Structural and mechanical properties of individual human telomeric G-quadruplexes in molecularly crowded solutions

Recent experiments provided controversial observations that either parallel or non-parallel G-quadruplex exists in molecularly crowded buffers that mimic cellular environment. Here, we used laser tweezers to mechanically unfold structures in a human telomeric DNA fragment, 5-(TTAGGG)4TTA, along three different trajectories. After the end-to-end distance of each unfolding geometry was measured, it was compared with PDB structures to identify the best-matching G-quadruplex conformation. This method is well-suited to identify biomolecular structures in complex settings not amenable to conventional approaches, such as in a solution with mixed species or at physiologically significant concentrations. With this approach, we found that parallel G-quadruplex coexists with non-parallel species (1:1 ratio) in crowded buffers with dehydrating cosolutes [40% w/v dimethyl sulfoxide (DMSO) or acetonitrile (ACN)]. In crowded solutions with steric cosolutes [40% w/v bovine serum albumin (BSA)], the parallel G-quadruplex constitutes only 10% of the population. This difference unequivocally supports the notion that dehydration promotes the formation of parallel G-quadruplexes. Compared with DNA hairpins that have decreased unfolding forces in crowded (9 pN) versus diluted (15 pN) buffers, those of G-quadruplexes remain the same (20 pN). Such a result implies that in a cellular environment, DNA G-quadruplexes, instead of hairpins, can stop DNA/RNA polymerases with stall forces often <20 pN.

Long-loop G-quadruplexes are misfolded population minorities with fast transition kinetics in human telomeric sequences.

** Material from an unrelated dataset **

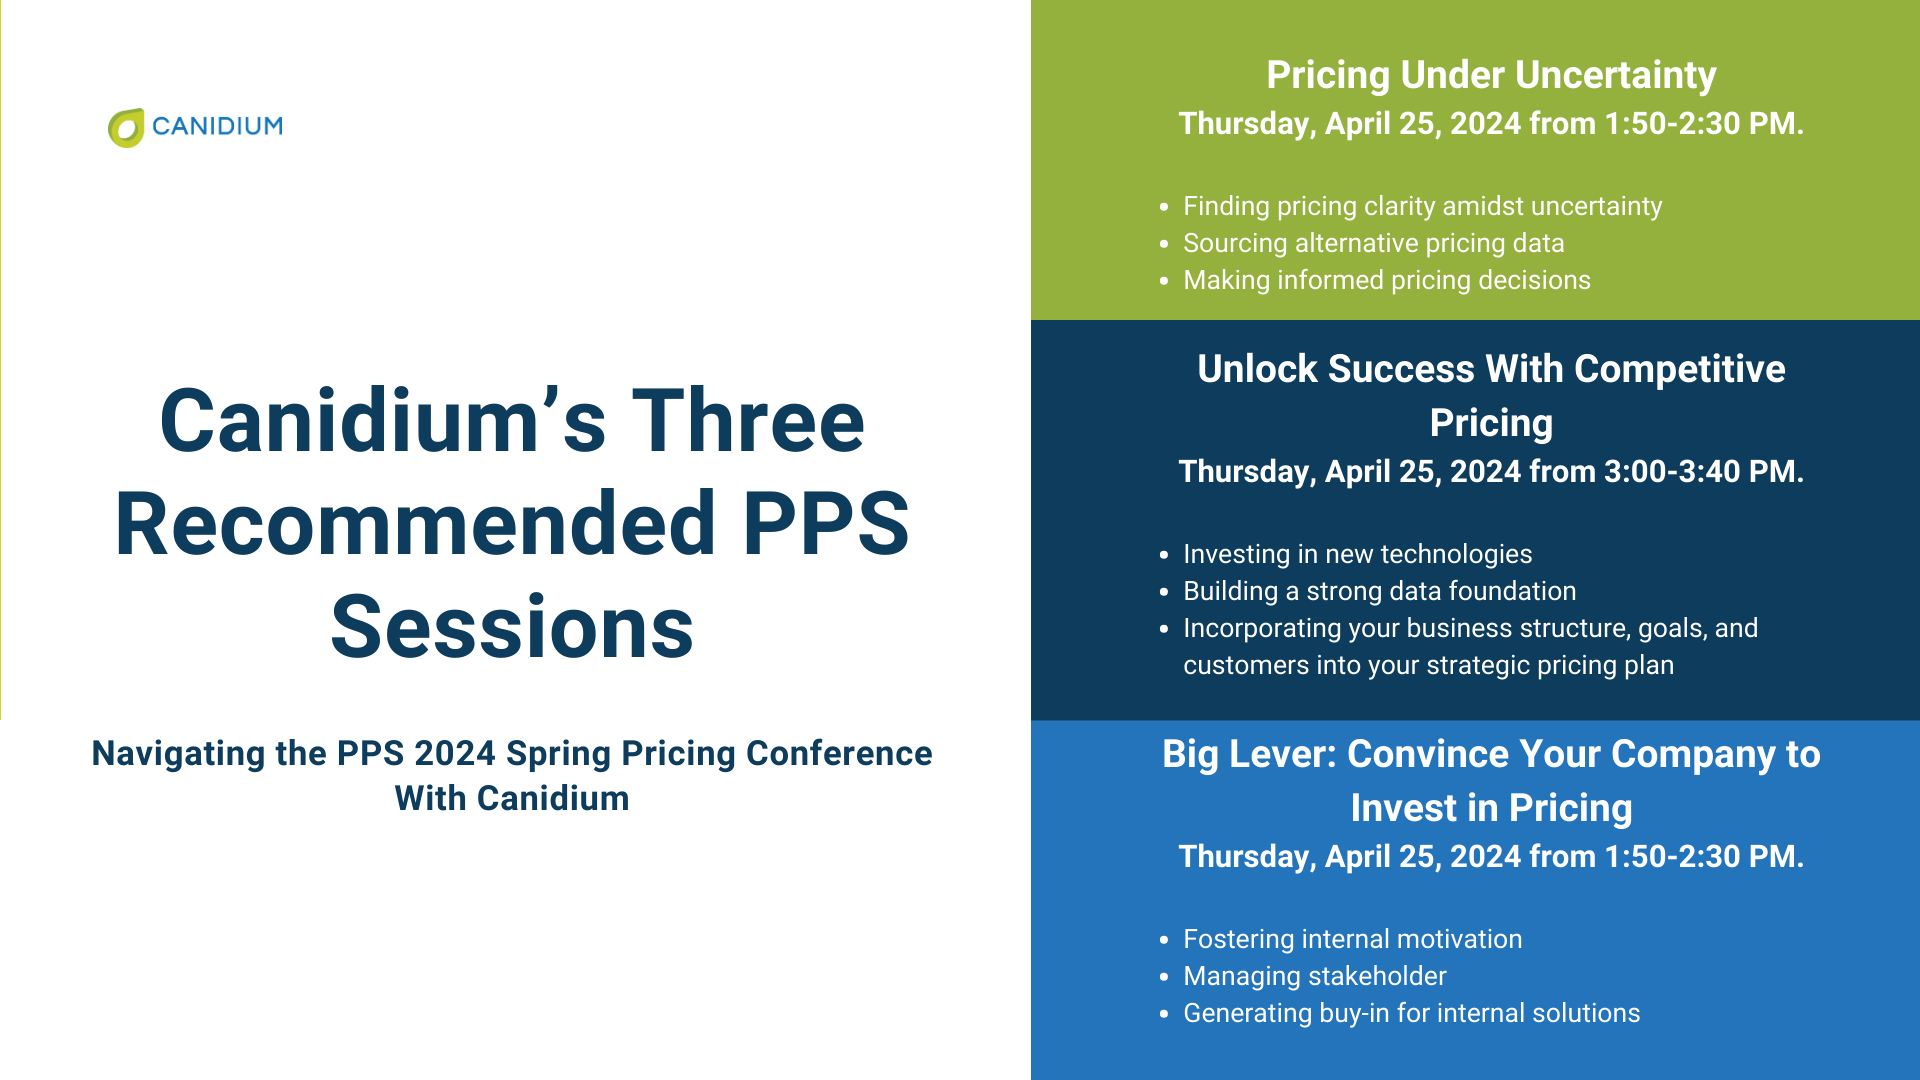 Canidium's Three Recommended PPS Sessions

Single-stranded guanine (G)-rich sequences at the 3 end of human telomeres provide ample opportunities for physiologically relevant structures, such as G-quadruplexes, to form and interconvert. Population equilibrium in this long sequence is expected to be intricate and beyond the resolution of ensemble-average techniques, such as circular dichroism, NMR, or X-ray crystallography. By combining a force-jump method at the single-molecular level and a statistical population deconvolution at the sub-nanometer resolution, we reveal a complex population network with unprecedented transition dynamics in human telomeric sequences that contain four to eight TTAGGG repeats. Our kinetic data firmly establish that G-triplexes are intermediates to G-quadruplexes while long-loop G-quadruplexes are misfolded population minorities whose formation and disassembly are faster than G-triplexes or regular G-quadruplexes. The existence of misfolded DNA supports the emerging view that structural and kinetic complexities of DNA can rival those of RNA or proteins. While G-quadruplexes are the most prevalent species in all the sequences studied, the abundance of a misfolded G-quadruplex in a particular telomeric sequence decreases with an increase in the loop length or the number of long-loops in the structure. These population patterns support the prediction that in the full-length 3 overhang of human telomeres, G-quadruplexes with shortest TTA loops would be the most dominant species, which justifies the modeling role of regular G-quadruplexes in the investigation of telomeric structures.